The settlement is under appeal. The Eighth Circuit panel that heard arguments on January 14, 2026 will issue a decision sometime in late summer or early fall of 2026 [3]. That decision concerns the settlement agreement. It does not roll back the practice changes, which are already in effect and governing nationwide [3]. The settlement bars NAR from establishing rules allowing a seller's agent to set compensation for a buyer's agent [6]. The buyer broker agreement requirement is here to stay regardless of how the appellate court rules.
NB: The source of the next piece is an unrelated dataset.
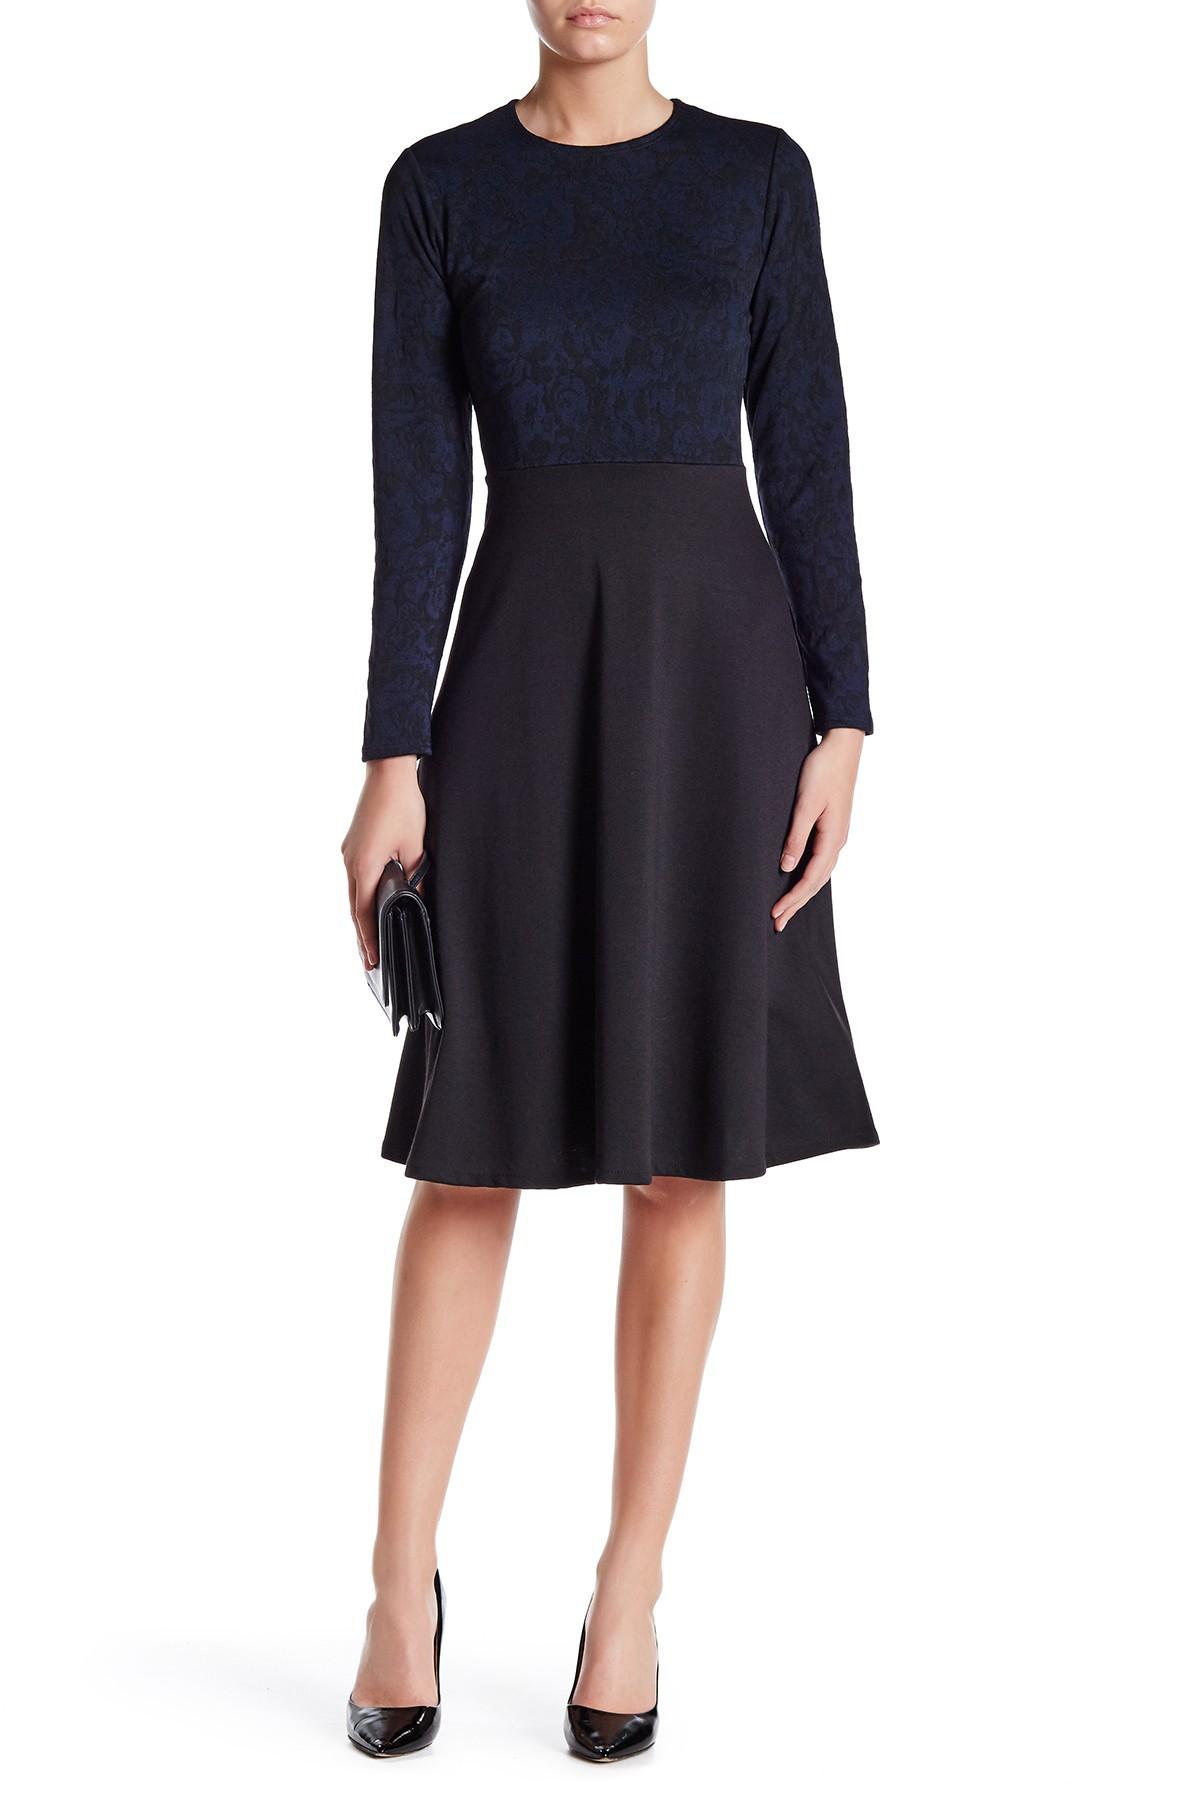 Lyst - Go couture Go Modest Mixed Media Regency Block Dress in Black
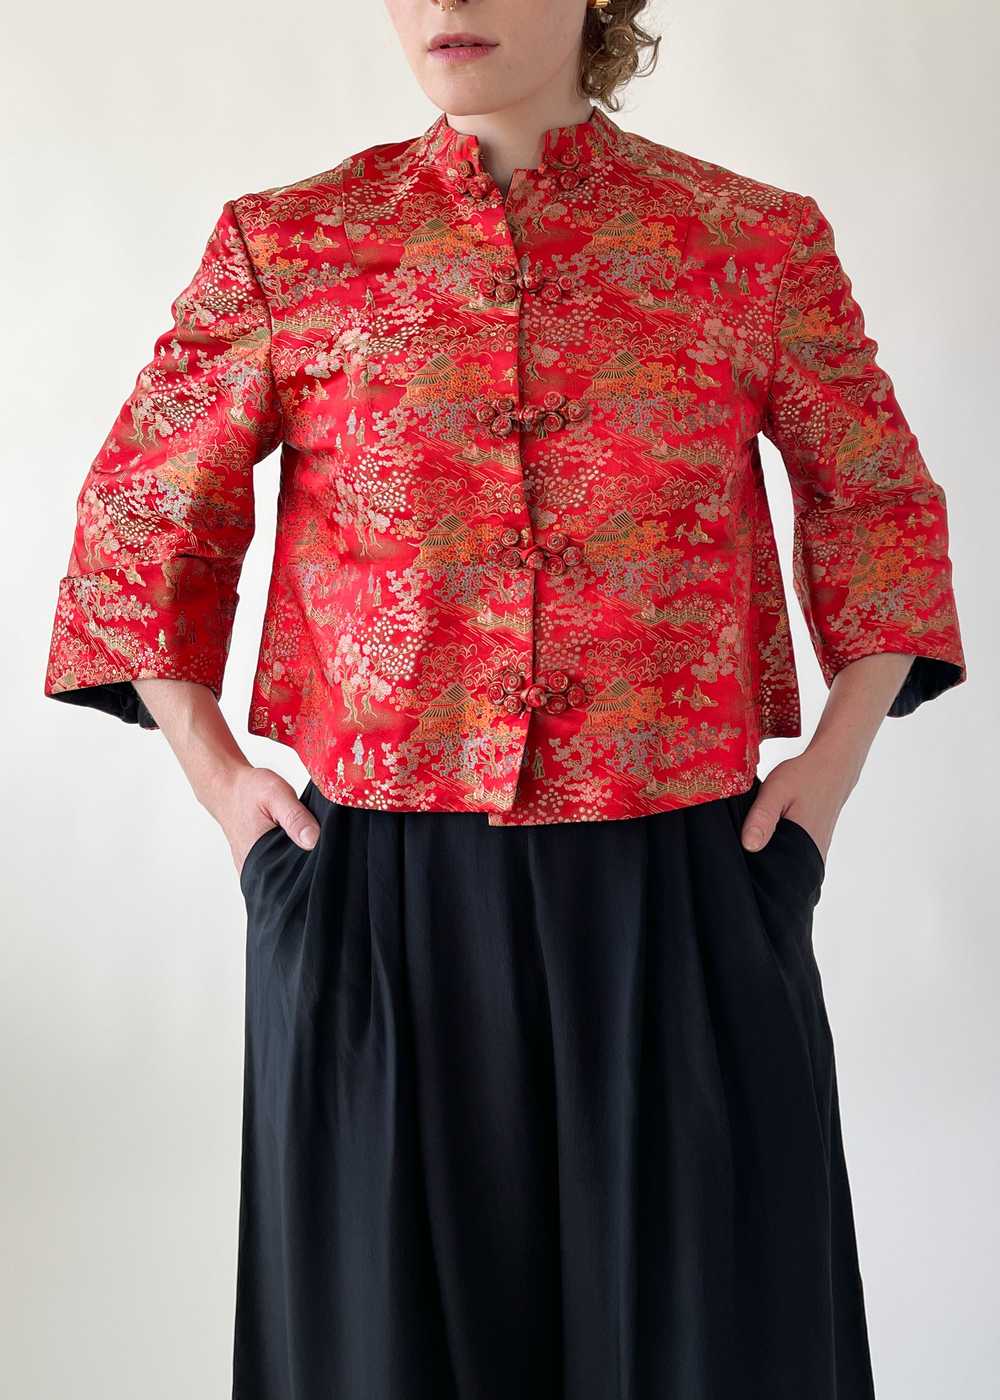 Vintage 1950s Chinese Silk Jacket - image 3

The structural issue is that the settlement resolved a seller antitrust claim by changing the rules governing buyer costs, without the buyer at the table. The buyer now pays agent compensation directly, but the seller still sets the price. Whether the ultimate cost is higher, lower, or the same depends on your negotiation. The transparency the agreement requirement creates is real. The binding nature of committing to a compensation amount before you know whether the seller will offer concessions is the actual gap. The practice changes benefit the buyer who shops compensation and negotiates terms before signing. They do not benefit the buyer who signs whatever the agent places in front of them.

What you can do:

  1. Before signing any buyer broker agreement, ask your agent to show you at least three different compensation structures: flat fee, percentage, and hourly. Compare. The amount is fully negotiable and not set by law [4].

  2. Ask whether the seller is offering buyer concessions, and ask your agent to show you any compensation offers communicated off MLS before you sign the agreement. Sellers can still offer compensation off MLS [4]. You are entitled to know what the seller is offering before you lock in your own obligation.

  3. Request a copy of the buyer broker agreement at least 24 hours before the signing meeting. Read it before you are sitting at a table with your agent. The agreement must include a specific and conspicuous disclosure of the amount or rate of compensation [4].

  4. Ask your agent directly: is the compensation in this agreement negotiable after we sign it, or does it lock in for the term of the contract? The settlement prohibits agents from receiving compensation exceeding the amount agreed to with the buyer [4], but it does not prohibit you from negotiating a lower amount before you sign.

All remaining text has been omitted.